Он взял Сунтары без боя – местный ревком бежал, узнав о канинском приближении, – и встал близ поселка на постой у богатого казака Дормидонта Панасьева. Семен Егорович хотел дать людям и лошадям передых: в отряде оставалось четверо раненых – двое умерли дорогой.
Он хотел подумать.
Канин не любил крепкий алкоголь. Водка и самогон производили в нем брожение чувств, не вызывая радостного пьянящего дурмана, принося лишь беспокойство и ненужную тревогу. В молодости Канин пробовал пить с товарищами по полку и с завистью следил за охватывавшей их эйфорией. Сам он от водки мрачнел, становился неразговорчив, раздражителен и отчего-то начинал презирать даже тех, кого раньше любил. Люди казались выпившему Канину похожимина жуков, ползающих по земле невесть зачем. Ему хотелось на них наступить.
Красное вино – другое дело: оно грело изнутри, окрашивая мир в приятные, яркие тона. Голоса окружающих становились мягкими, ласковыми, словно старая фетровая шляпа, которую летом носил его отец, служивший управляющим в Чирках, тамбовском имении помещика Назарова.
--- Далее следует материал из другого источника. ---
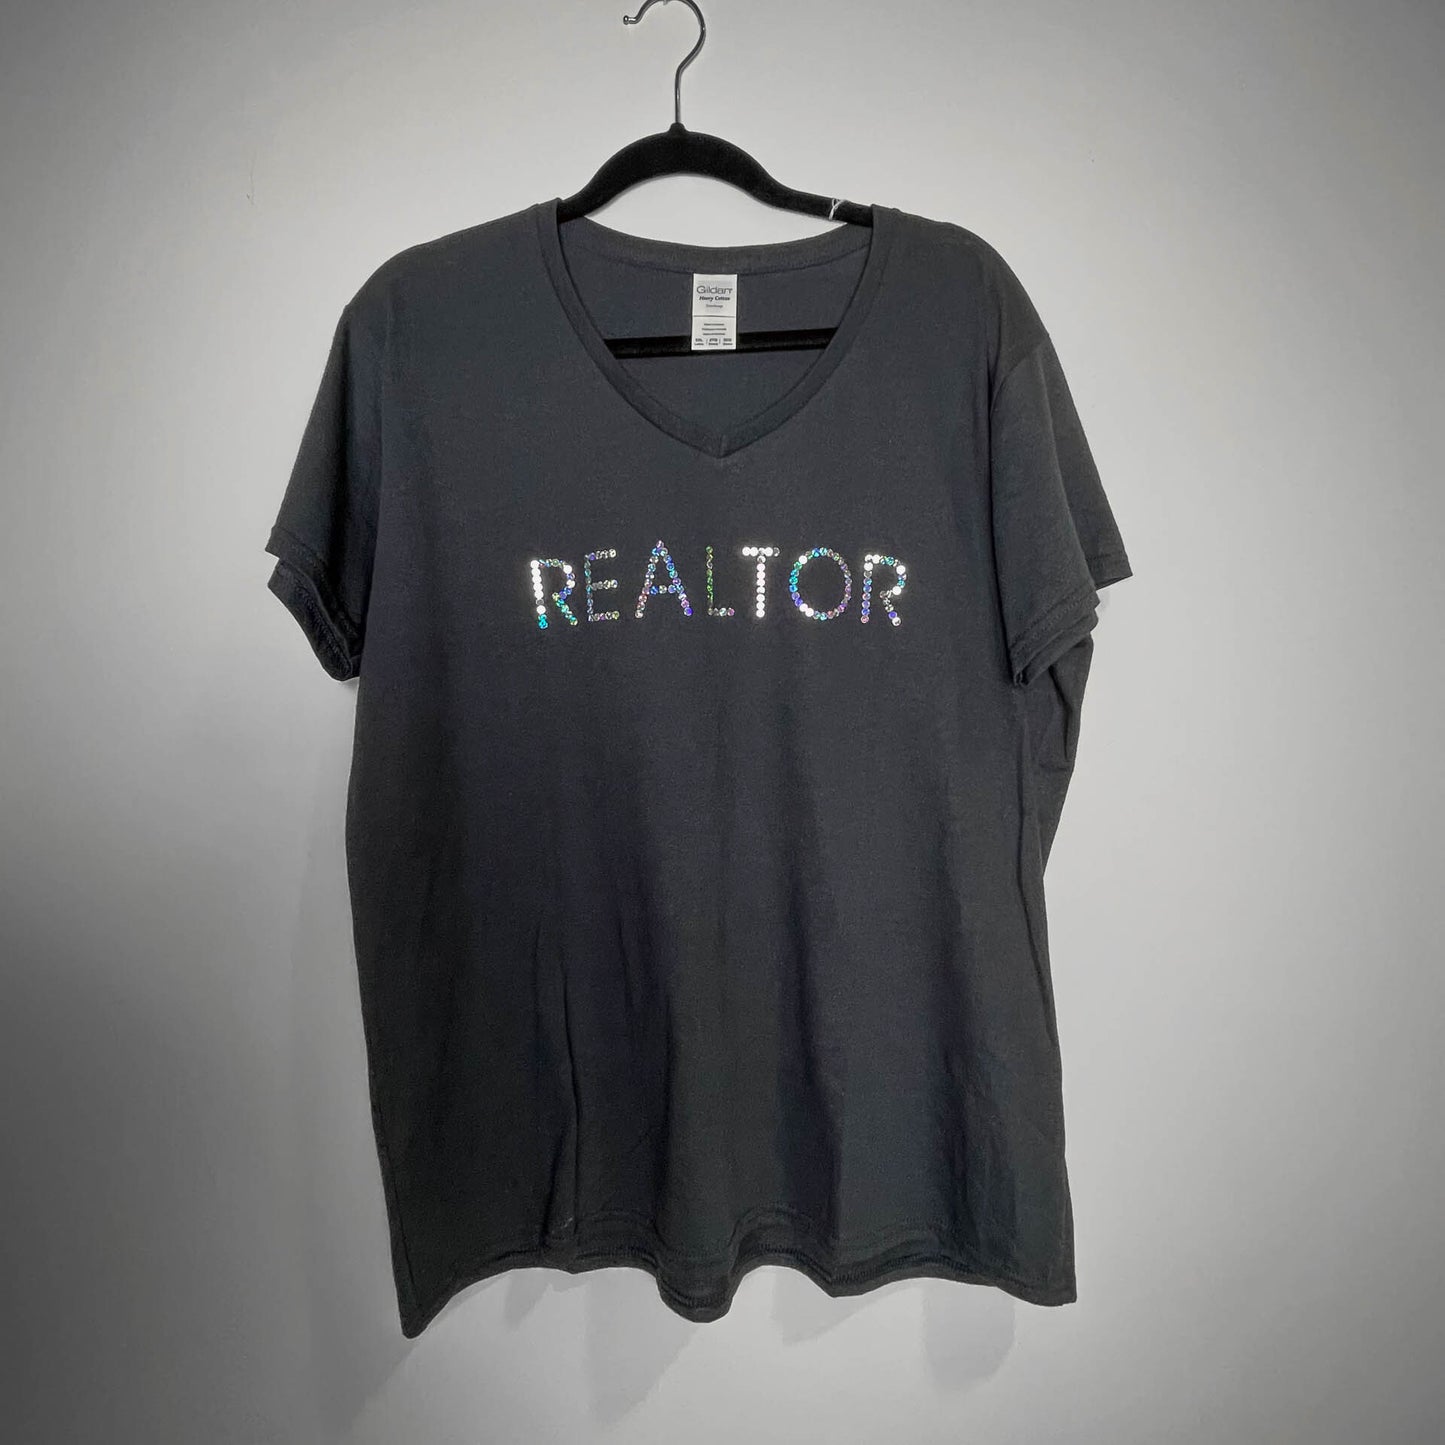 Realtor Womens T-Shirt R E A L T O R  Sequence V-Neck tee shirt (AZA2W NAV2W))

Маленький Канин любил касаться этой потертой шляпы, проводить по ней раскрытой ладошкой – щекотно и бархатно, словно лошадиные ноздри.
Он воевал на Балканах, когда отец умер, потому хоронили без него. Канин никогда не вернулся в Чирки и часто думал, куда делась шляпа. Он представлял, как цедит густое красное вино, сидя на веранде своего дома – мягкая фетровая шляпа на столе рядом. Представлял и пытался забыть, что не было у него ни стола, ни дома, ни шляпы. Ни красного вина.
Красного вина не было и у Дормидонта Панасьева, оттого Канин целыми днями пил черный листовой чай и думал, что делать дальше.
Он не хотел воевать. Канин понимал, что Гражданская проиграна, нечего и стараться. Оставаться в России легально он не мог, прятаться не хотел. Представлялось возможным одно – идти на Китай, куда из Восточной Сибири бежали не принявшие революцию русские. Оттого ранним майским утром – с первыми певчими птицами – Канин увел свой отряд в Монголию.
Канинцы шли тайгой, избегая поселков, занятых красными. По дороге отряд потерял шестерых – одного убило, когда нарвались на кордон за Олекминском, двое умерли сами и еще четверо разбрелись по окрестным селам. Канин никого не держал, решив, что каждый знает свою судьбу, да и не мог он предложить бойцам ясного будущего. Все, что мог он предложить, была дорога в неизвестность через начавшую светлеть от наступающего лета тайгу с легкими лесными протоками, болотной трясиной и очнувшимися от долгой спячки медведями. Отряд спустился по Лене и дальше вдоль малых рек к озеру Байкал и двинулся на юг, держась в стороне от воды. В июле, потеряв счет времени и не ведая числа, Канин и дошедшие с ним шестьдесят семь казаков перешли торопливую реку Ур-Гол и вступили в монгольский аймак Хувсгел.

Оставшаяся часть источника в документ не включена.